By Shannon Magsam, Ladybug’s mom
Ladybug lost a tooth at school the other day (#7) so she received one of those cool little plastic tooth-shaped containers to put it in for safe-keeping. This excitement apparently sparked a conversation amongst the second-graders about the validity of the Tooth Fairy.
And so it was that One of The (Many) Questions I Had Been Dreading was asked.
But she didn’t ask me. I handed the cell phone to her while driving home from school and she asked her dad. I only heard her half of the conversation:
L: “Is the Tooth Fairy real?”
[Me: Oh, crap! I’m glad she’s asking dad instead of me!]
L: Without pausing for a breath or an answer: “Some of my classmates said they don’t believe she’s real. They said it was your mom and dad who put the money under your pillow.”
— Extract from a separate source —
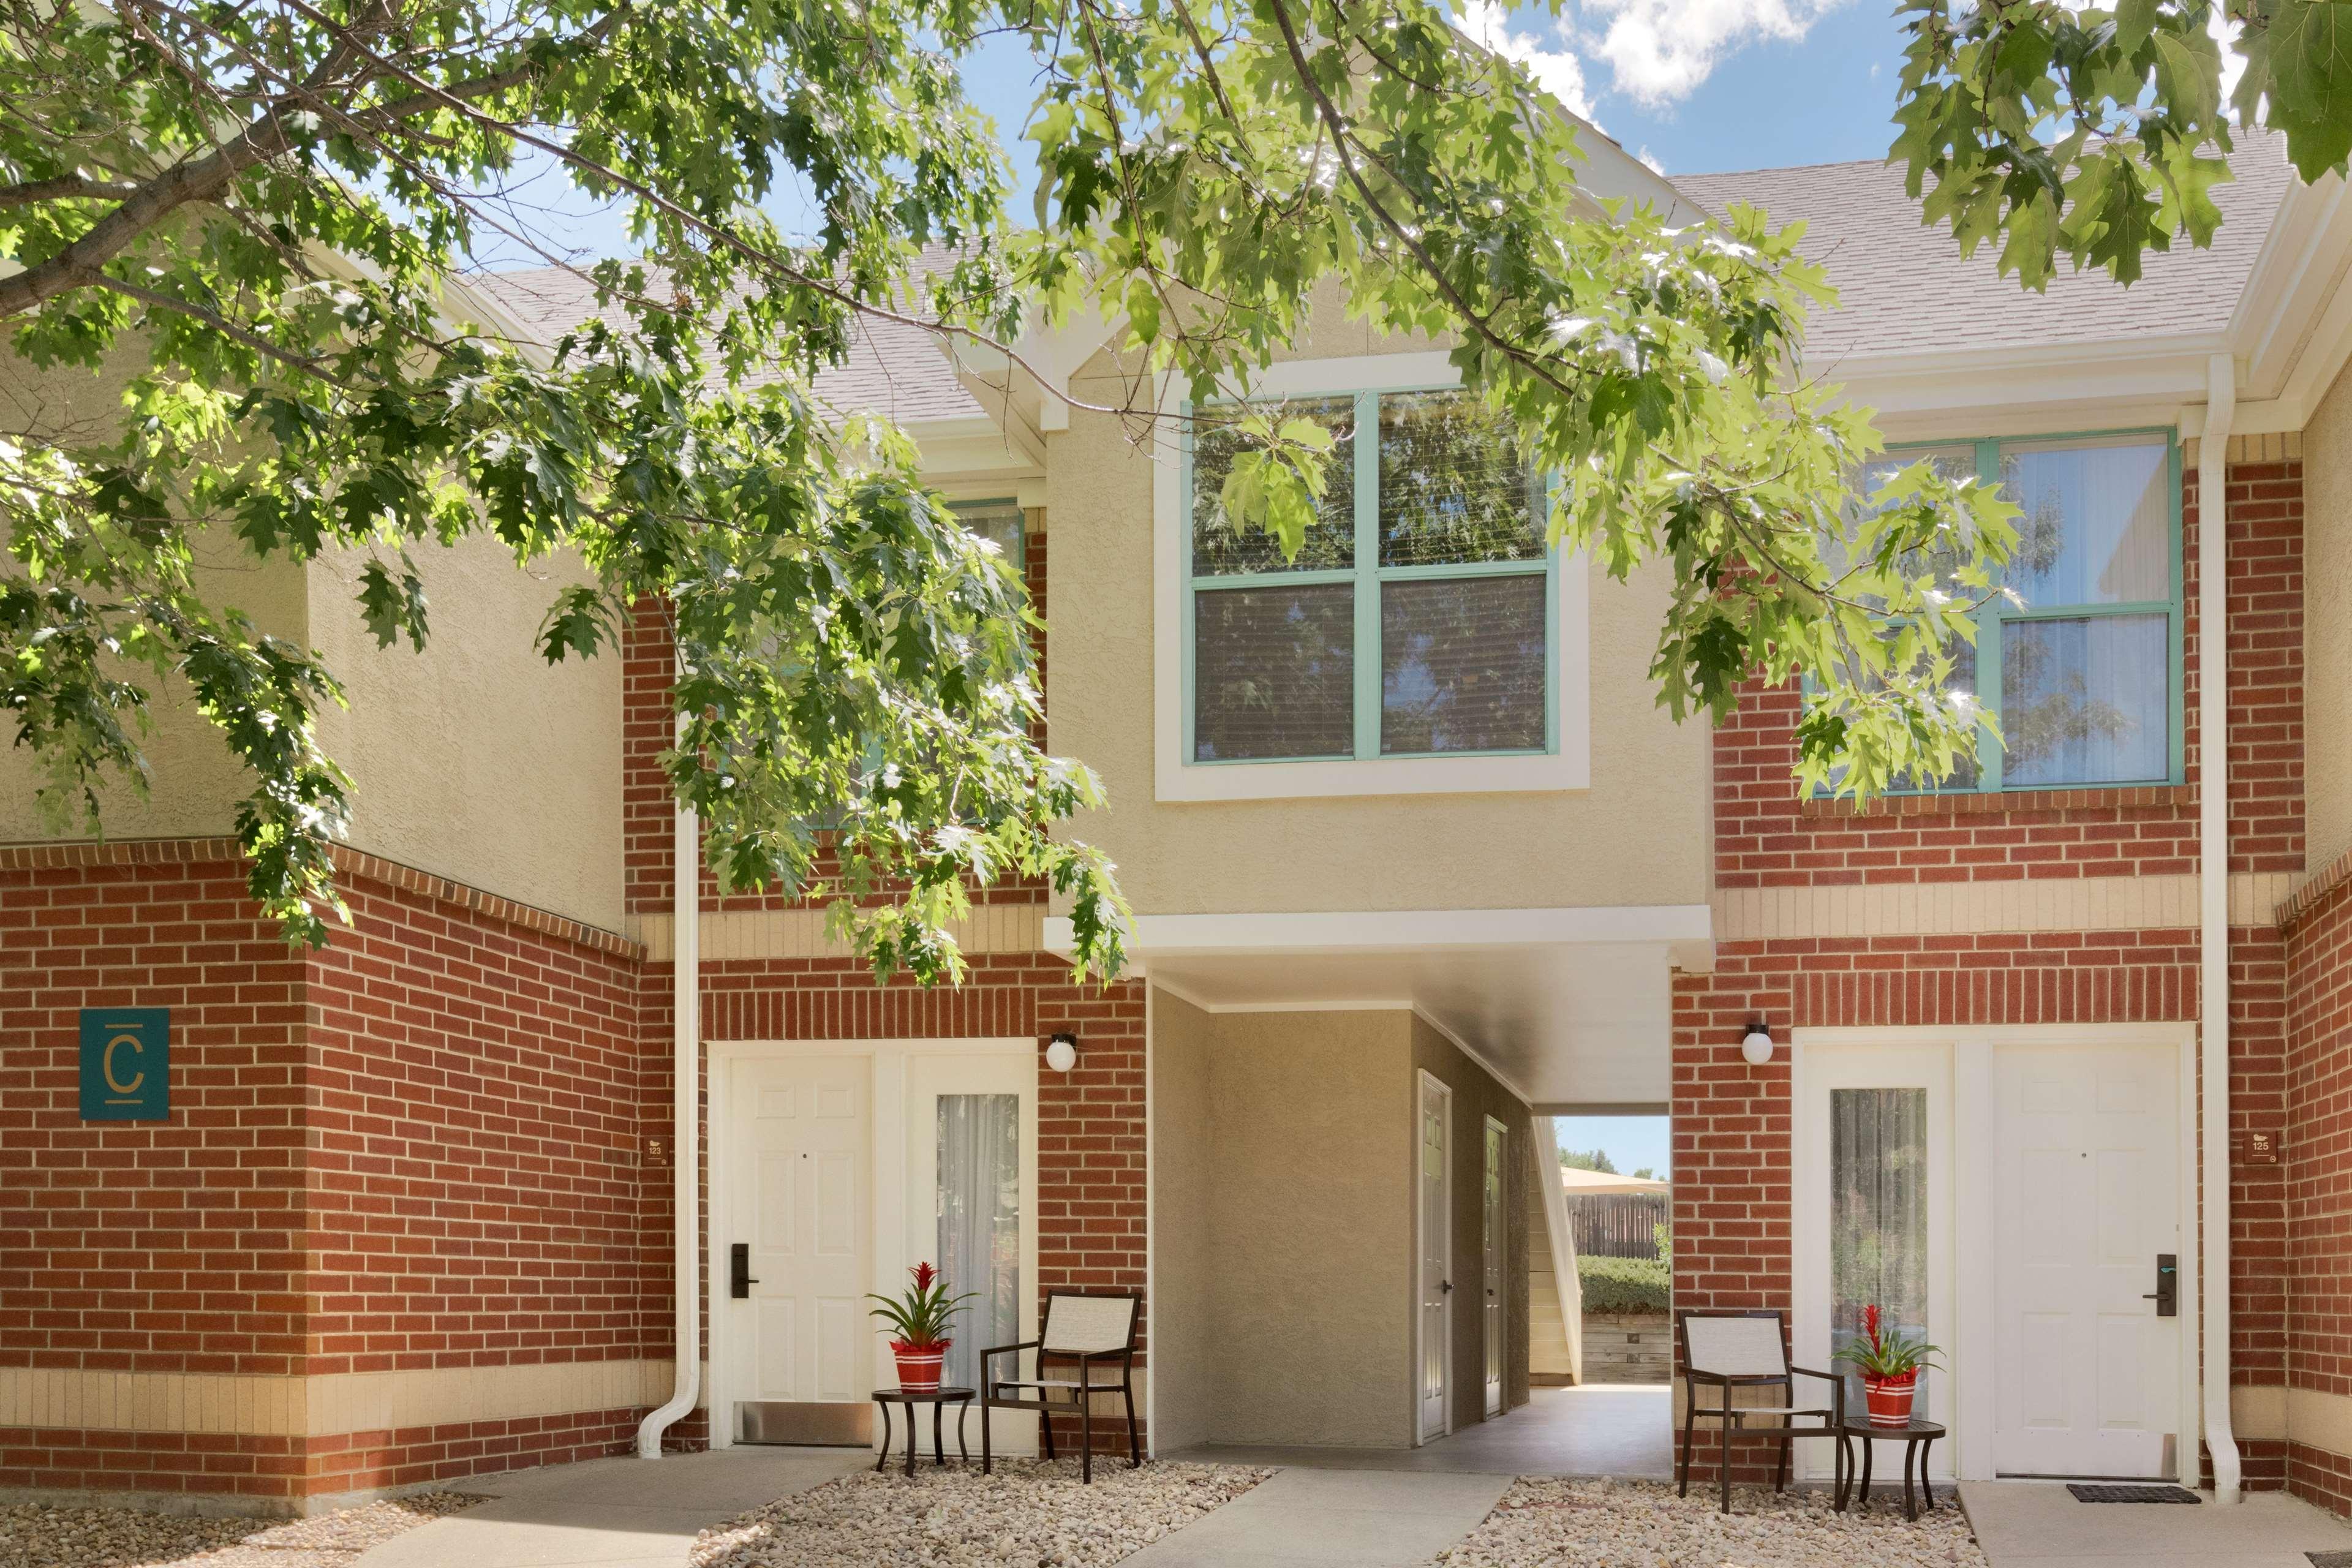 Homewood Suites by Hilton - Boulder image 1

[Me: What’s he gonna say? What’s he gonna say?]
Still no pause or expectation of an answer, apparently. Then the big one:
“They also said there’s no Santa Claus.”
Dun, dun, DUNNNNNN.
L: “I told them what we know about him. I told them there was hay right outside our door on Christmas Eve. They said ‘you must have a horse – because it wasn’t a reindeer at your house.’
“They were being very mean.”
By the time their conversation was over, my husband had neither confirmed nor denied the question(s). He just let her get it out of her system, then she moved on to another topic. That’s something I like about having a chatty girl.
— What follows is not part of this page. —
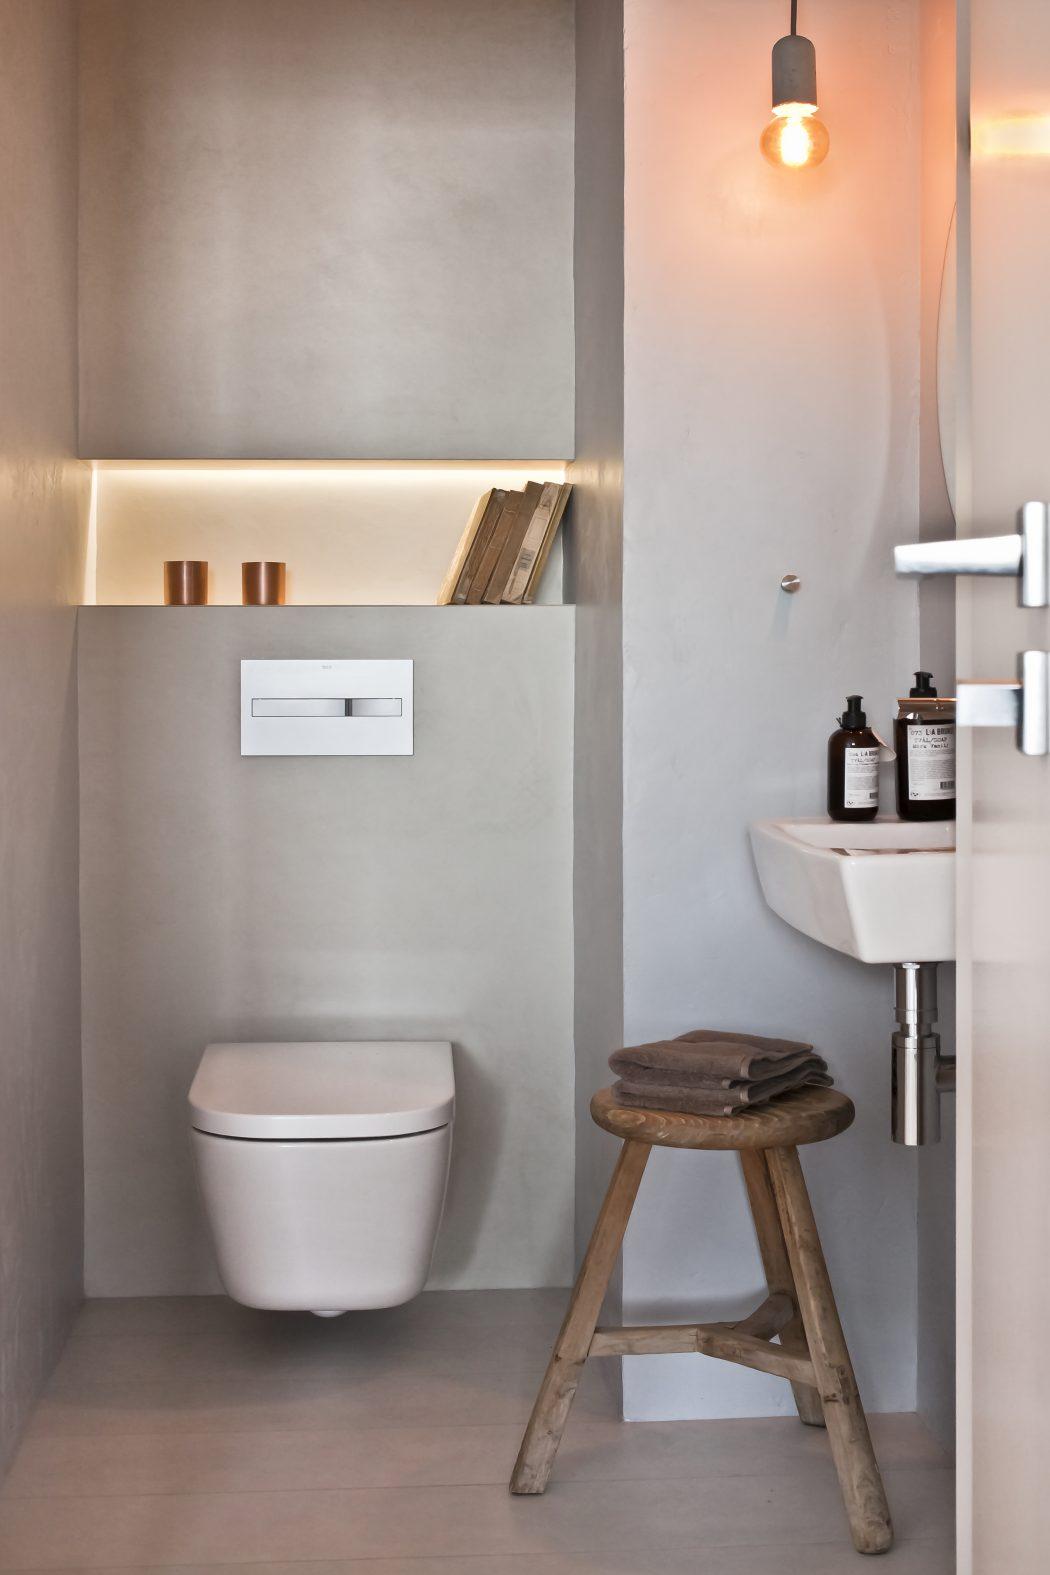 Un appartamento luminoso in perfetto stile scandinavo. - Casa di stile

After we got home, my husband called me, super indignant. We talked about what we should say if she asked again, point blank, and really seemed to want a real answer. We decided we’d have to tell her the truth at this age. And we will if she sincerely asks and wants to know.
I thought maybe I’d go with the mysterious phrase my friend Darlene told her son when he first questioned the existence of jolly old St. Nick: “If you don’t believe, you don’t receive….” That might hold her for a bit longer. I waited all evening, expecting her to ask for clarification on this whole Tooth Fairy/Santa thing.
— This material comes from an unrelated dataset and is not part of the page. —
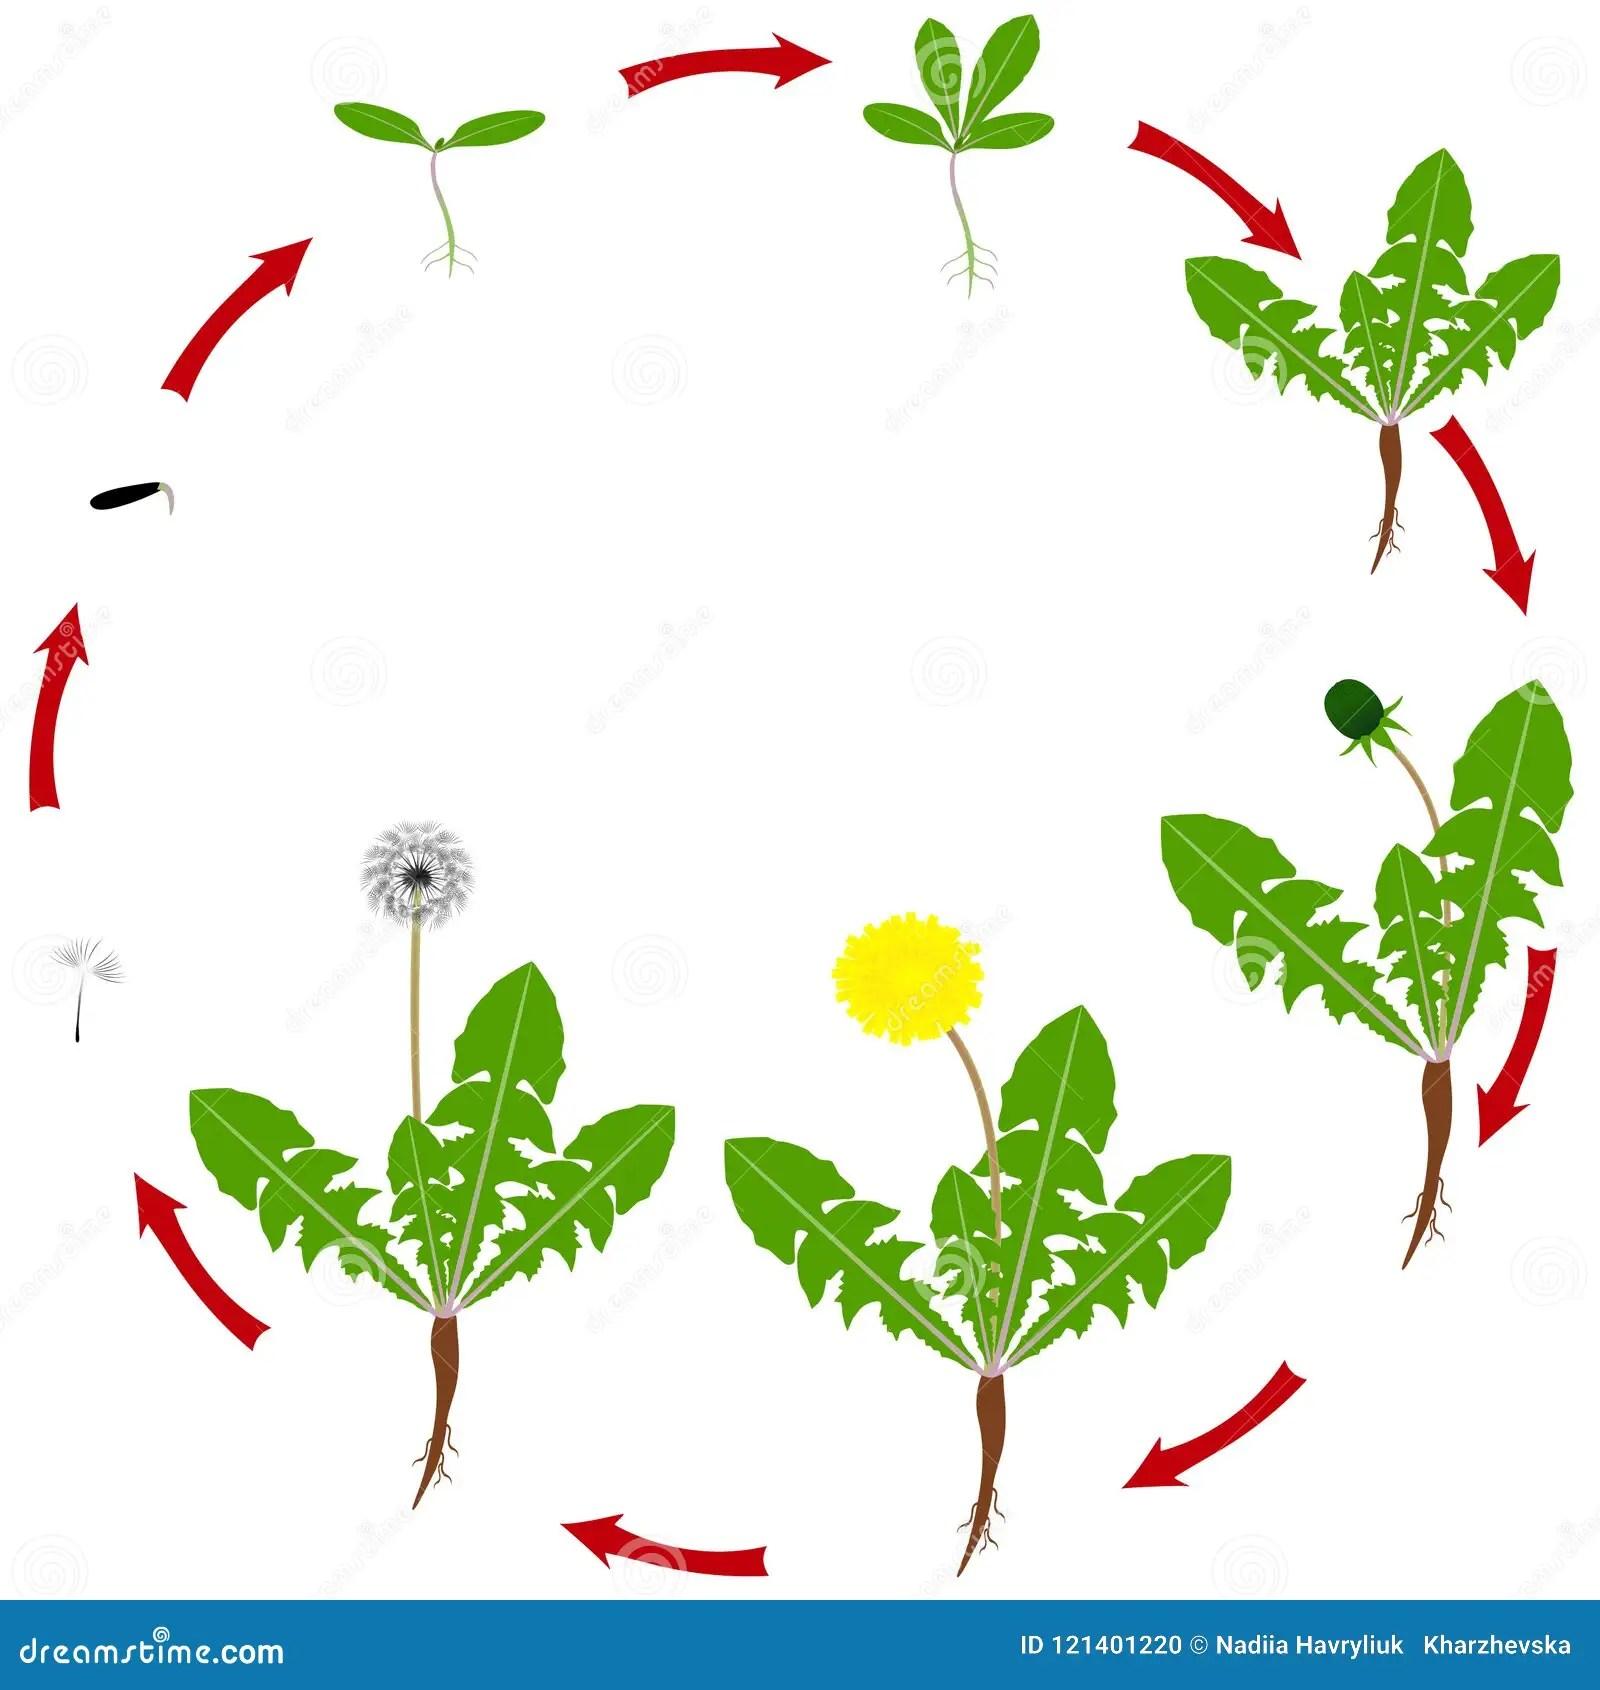 Life Cycle Of Dandelion Cartoon Vector

It got to be bedtime, though, and she never brought it up again.
So the magic lives on, for at least a little while longer, in our household. She put the tooth under her pillow with a special note, fully expecting a tiny fairy to float in and snag her tooth, leave money and continue adding on to that tooth castle in the sky. (Fellow second-graders are notoriously untrustworthy you know.)
My husband was still annoyed about the kid who spilled the beans right up to the time we went to bed.
“I’d like to smack that kid,” he said.
I had to laugh. Protective daddies are so sexy.
This made me giggle and wince, all at the same time.
I’m glad you kept the mystery alive for a while longer.